EXERCISE REQUIREMENTS:
Print the listing exactly as it stands, and skip any pictures in it.

SUPPLIED DATA:
■ ■ ■

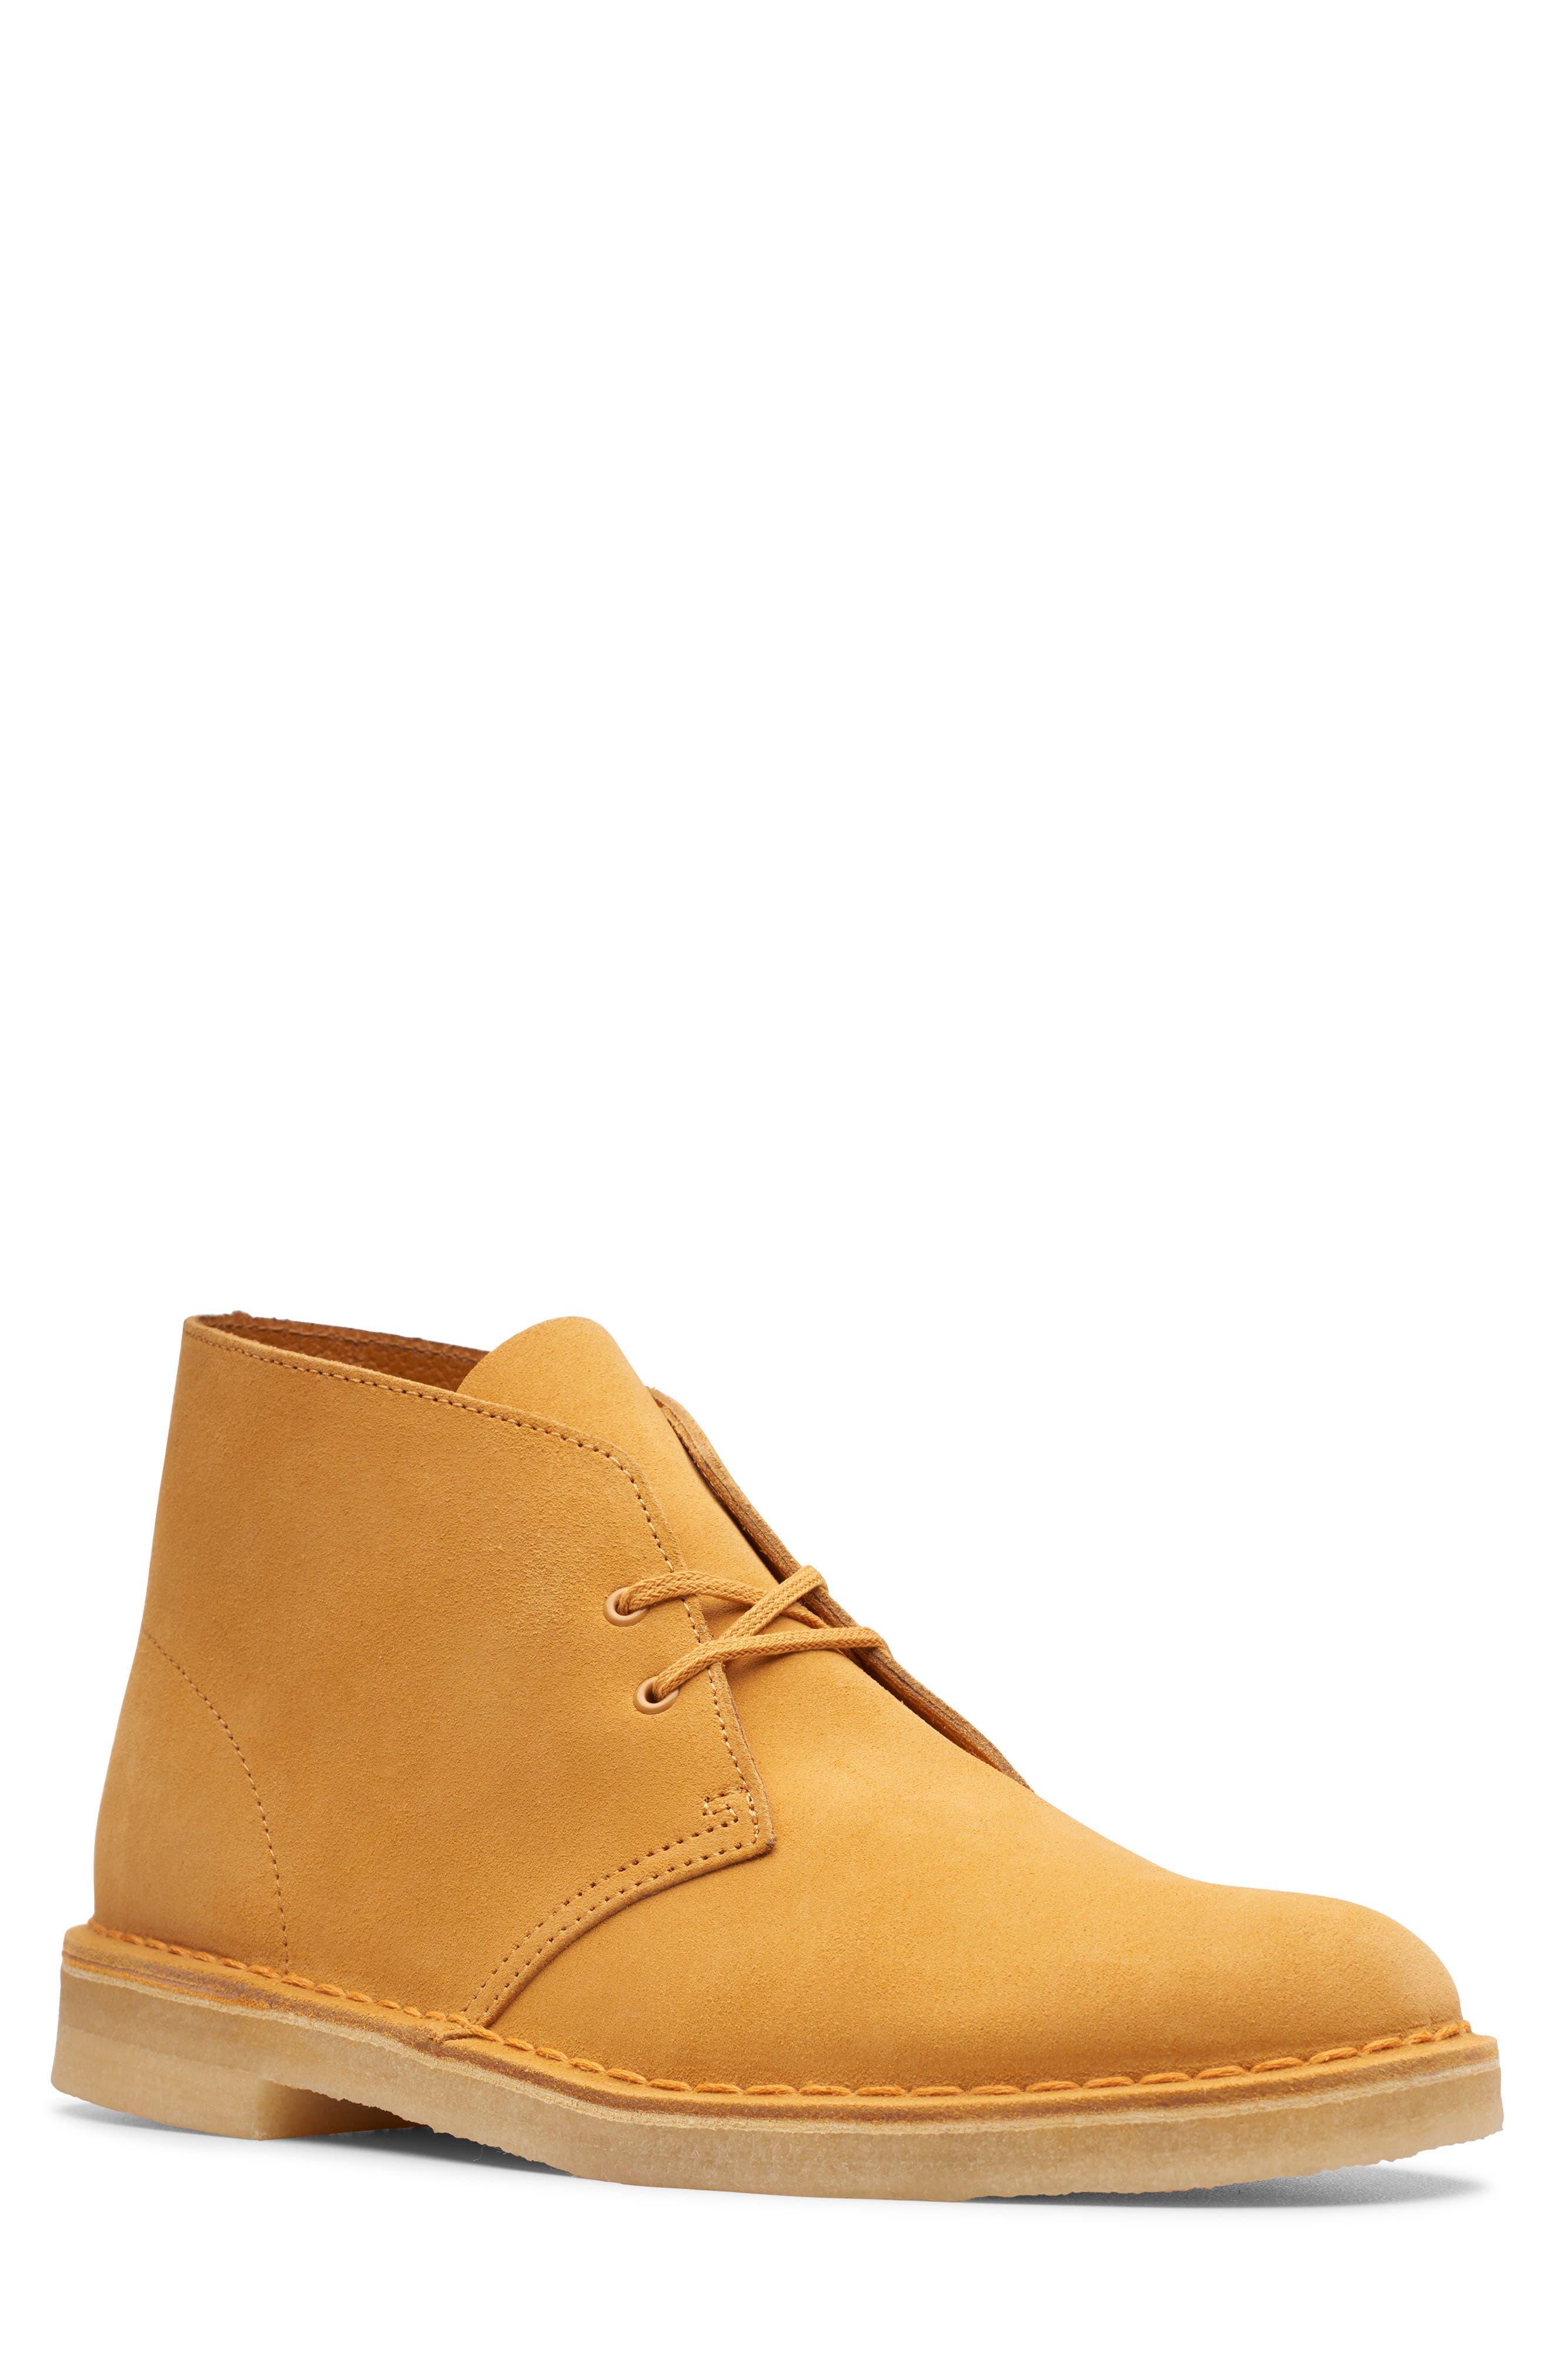 CLARKS<SUP>®</SUP>,                             Originals 'Desert' Boot,                             Main thumbnail 1, color,                             TURMERIC/BROWN SUEDE
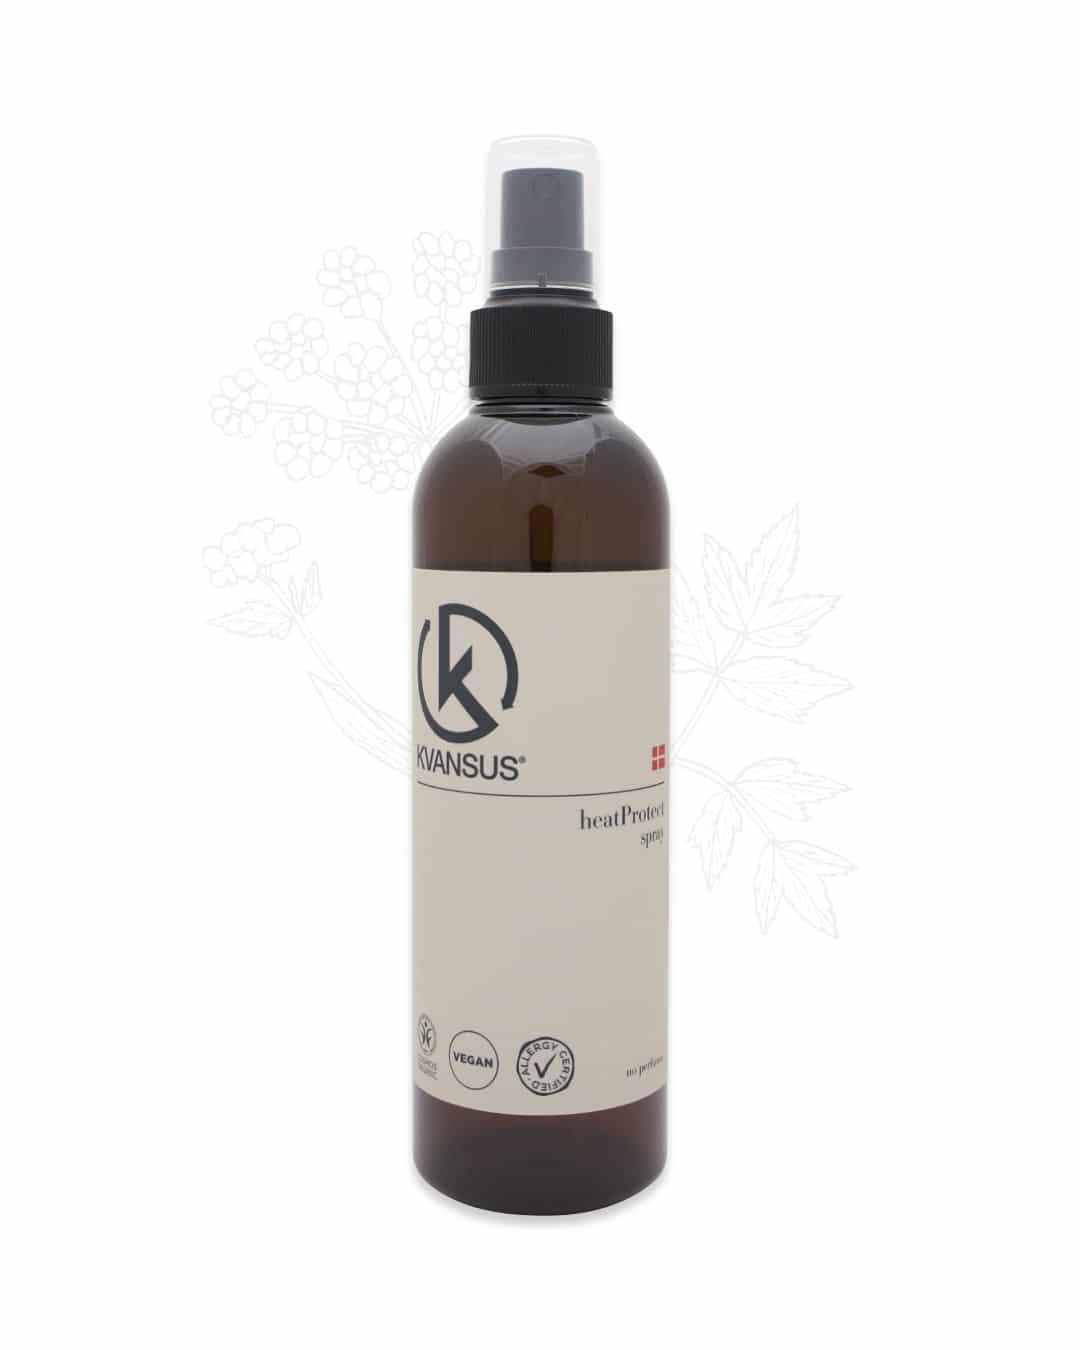 heatProtect <br />spray 1
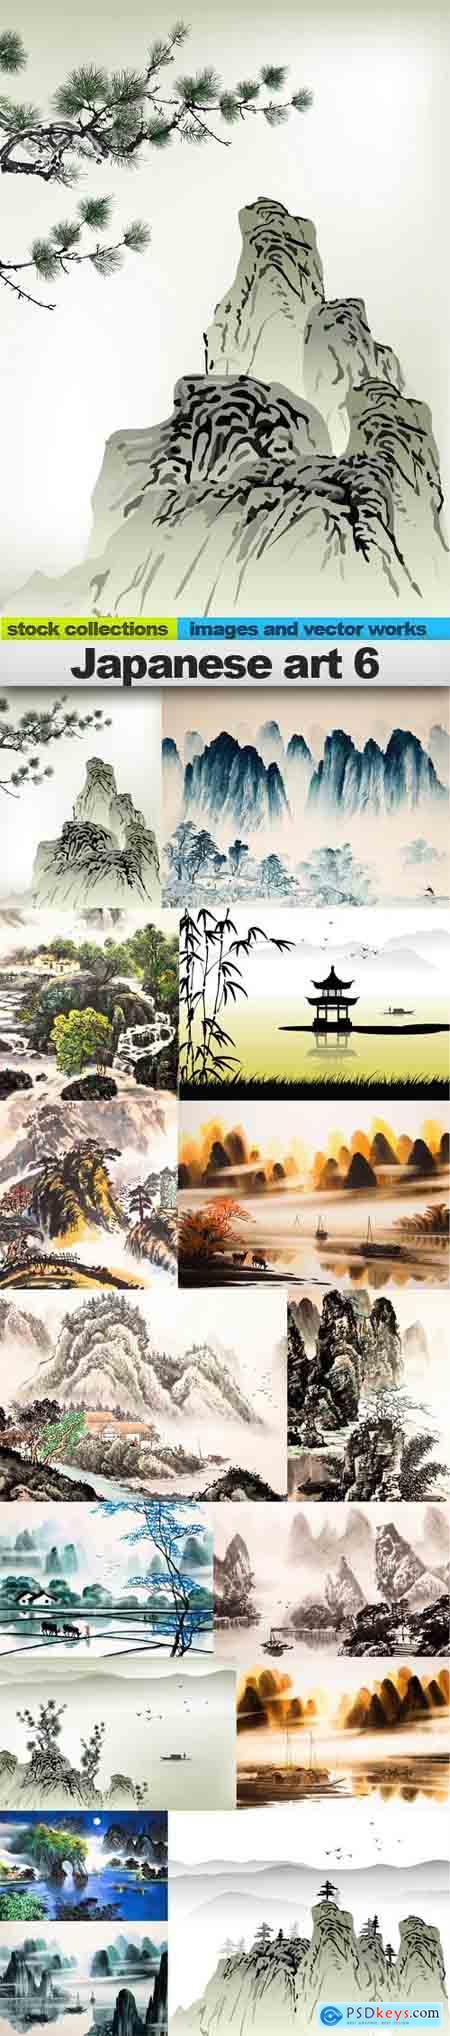 Japanese art 6, 15 x UHQ JPEG
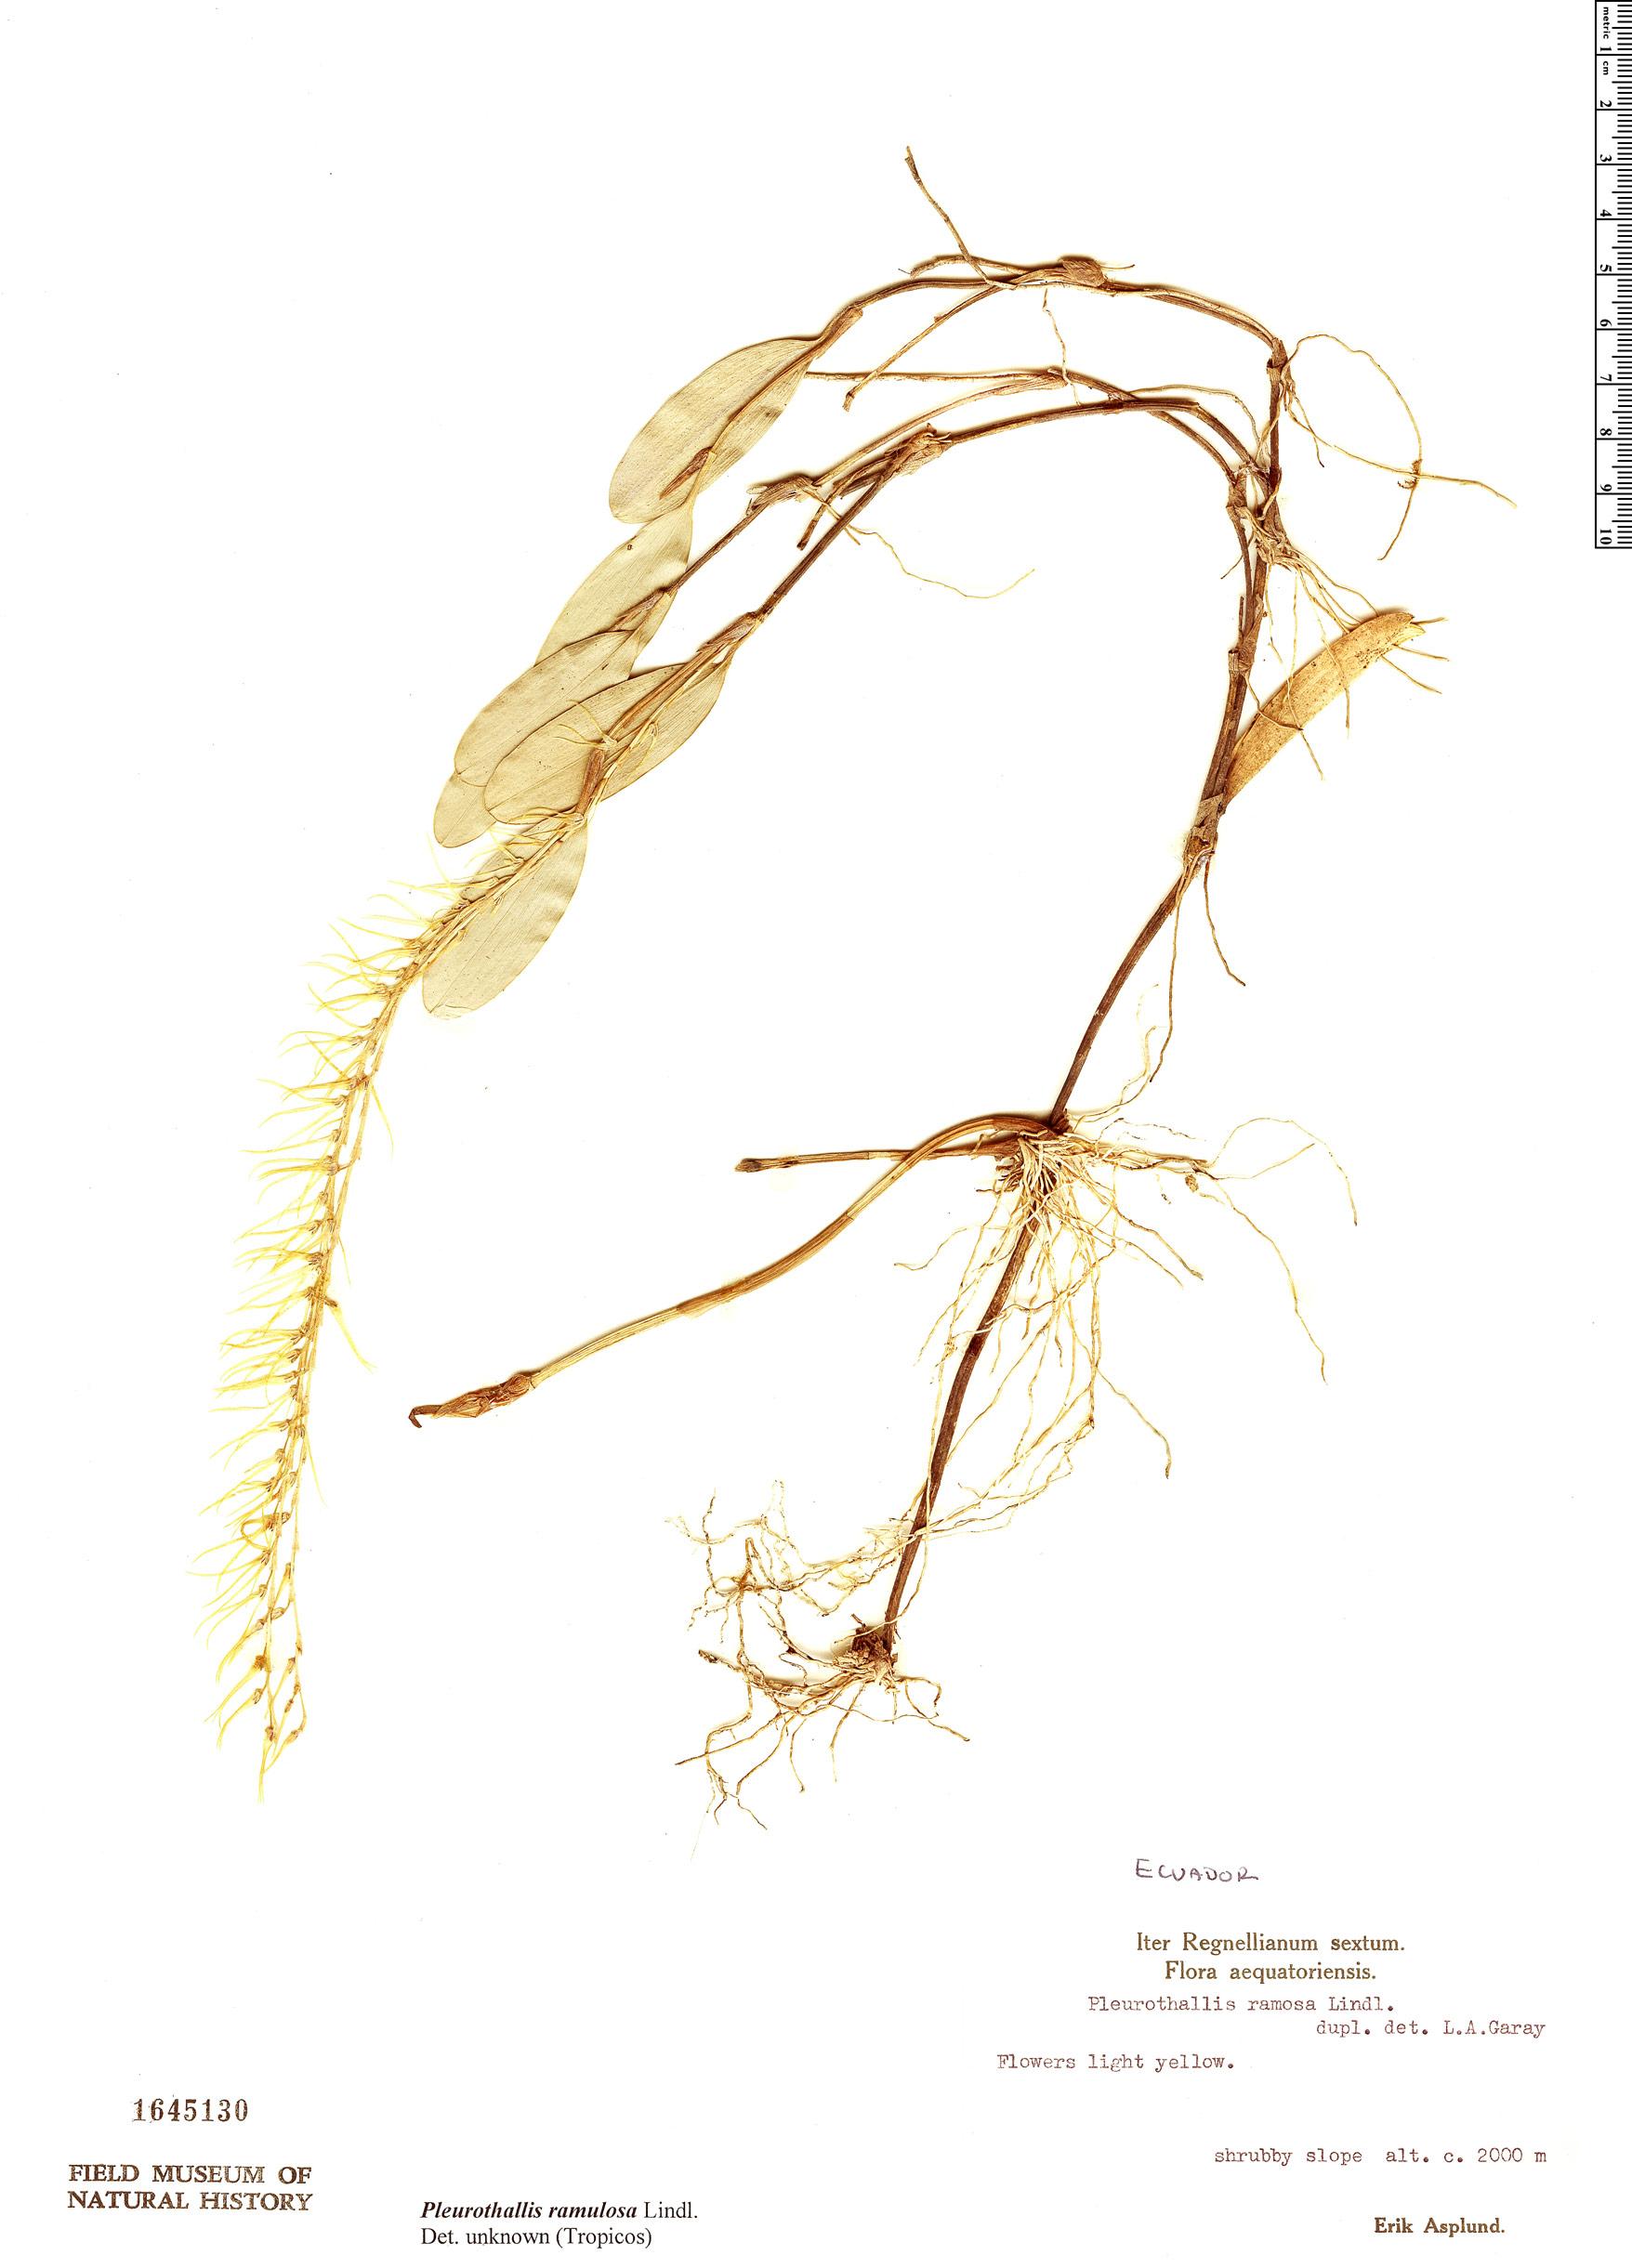 Specimen: Pleurothallis ramulosa

■ ■ ■

SOLUTION TO THE EXERCISE:
 CLARKS<SUP>®</SUP>,                             Originals 'Desert' Boot,                             Main thumbnail 1, color,                             TURMERIC/BROWN SUEDE
 heatProtect <br />spray 1
 Japanese art 6, 15 x UHQ JPEG
 Specimen: Pleurothallis ramulosa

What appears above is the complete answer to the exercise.